Product Review: Syncfusion Essential Studio 2010 Volume 2

A quick look at new capabilities in the latest release of Syncfusion's component and tool set

This is a brief follow-up to my original Syncfusion 2010 Volume 1 review published in the June issue of DevProConnections.  As such, this article will focus mainly on the new capabilities and support added to the Volume 2 release.

Several of the expected features I mentioned in the original review have made their debut in this quarterly update. The most important of these for existing Syncfusion users is full support for Visual Studio 2010 and the .NET 4.0 Framework.

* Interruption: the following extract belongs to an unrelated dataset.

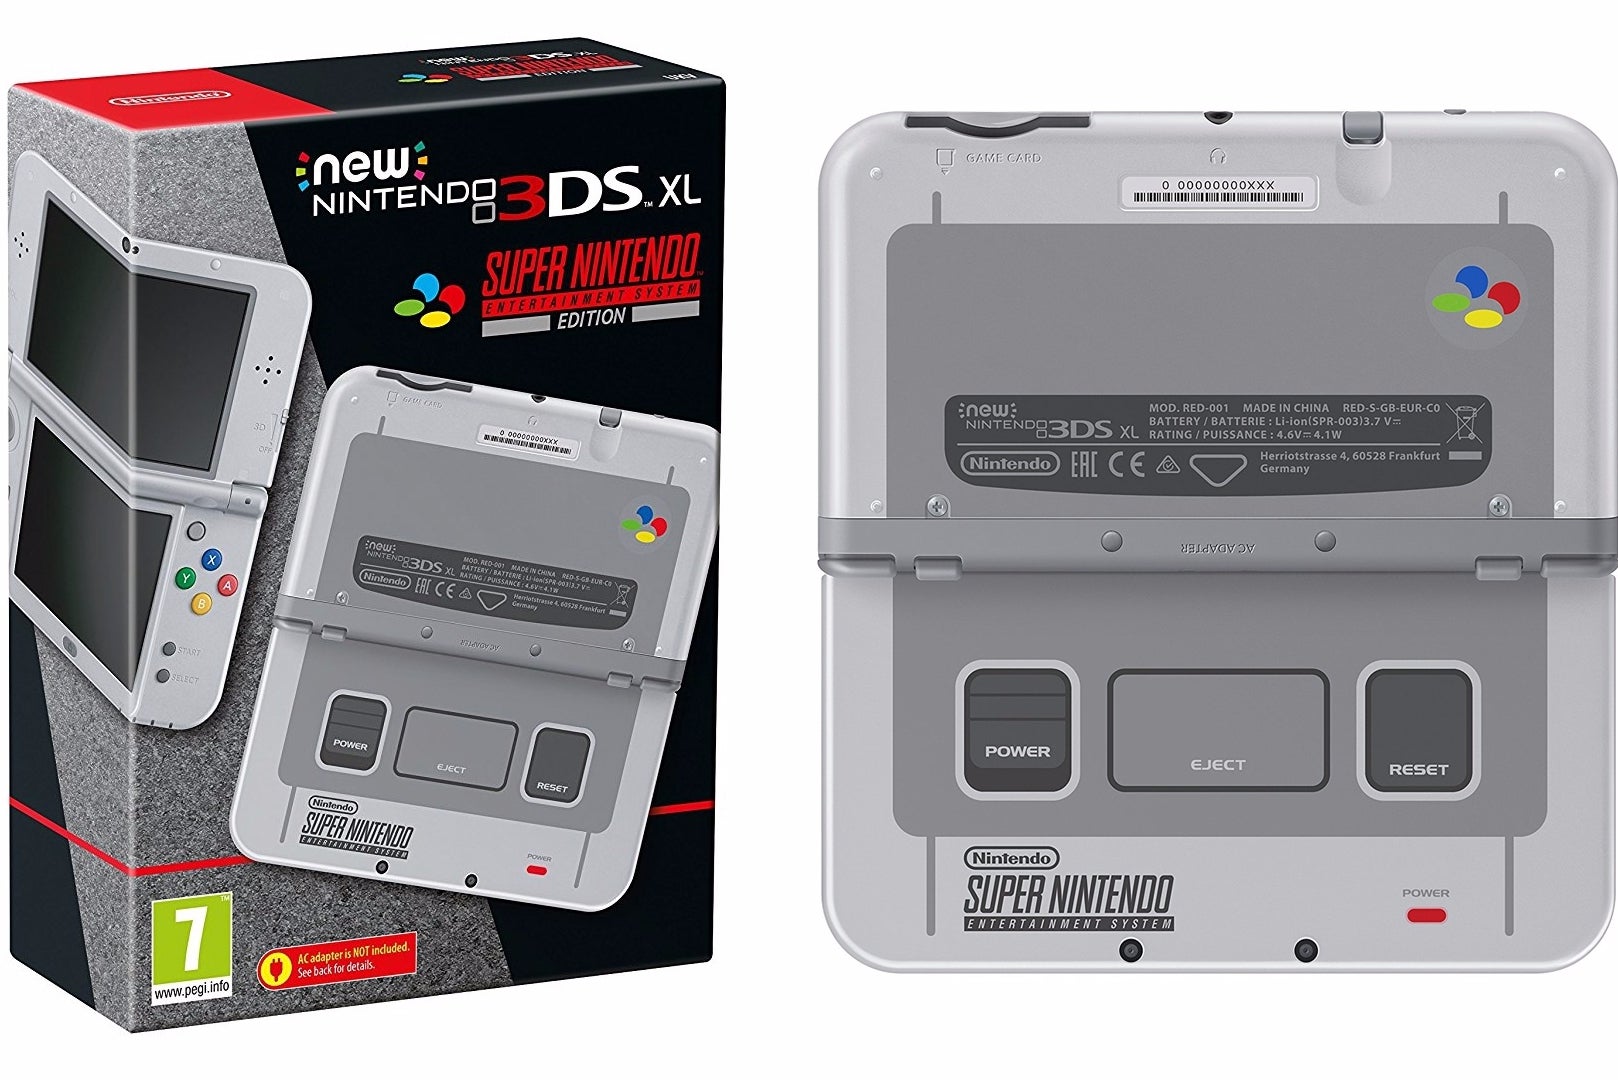 Jelly Deals roundup: SNES Edition 3DS XL, Humble's Sale, Xbox One bundles and more | Eurogamer.net

Figure 1: Essential Studio Enterprise Edition 2010 Vol. 2

In addition, Office 2010 compatibility has been extended to all the major components such as the DocIO and XlsIO ASP.NET components. Several other new features have been added as well, such as improvements to the Essential Business Studio ASP.NET Chart that make it considerably more robust and even more useful (especially when coupled with the Report Builder).  The OlapGrid can now export to Excel, Word or PDF.  The ASP.NET MVC components have also had substantial improvements, with 2.0 compatibility on the top of the list. The Grid now supports in-line editing, multicolumn grouping and additional skins to choose from. The MVC tools also now have full support for IE 7 and higher, Firefox 2 and higher, Google Chrome, Apple Safari and Opera web browsers.  A number of fixes to the existing components have also been made, making them even more stable than they already were.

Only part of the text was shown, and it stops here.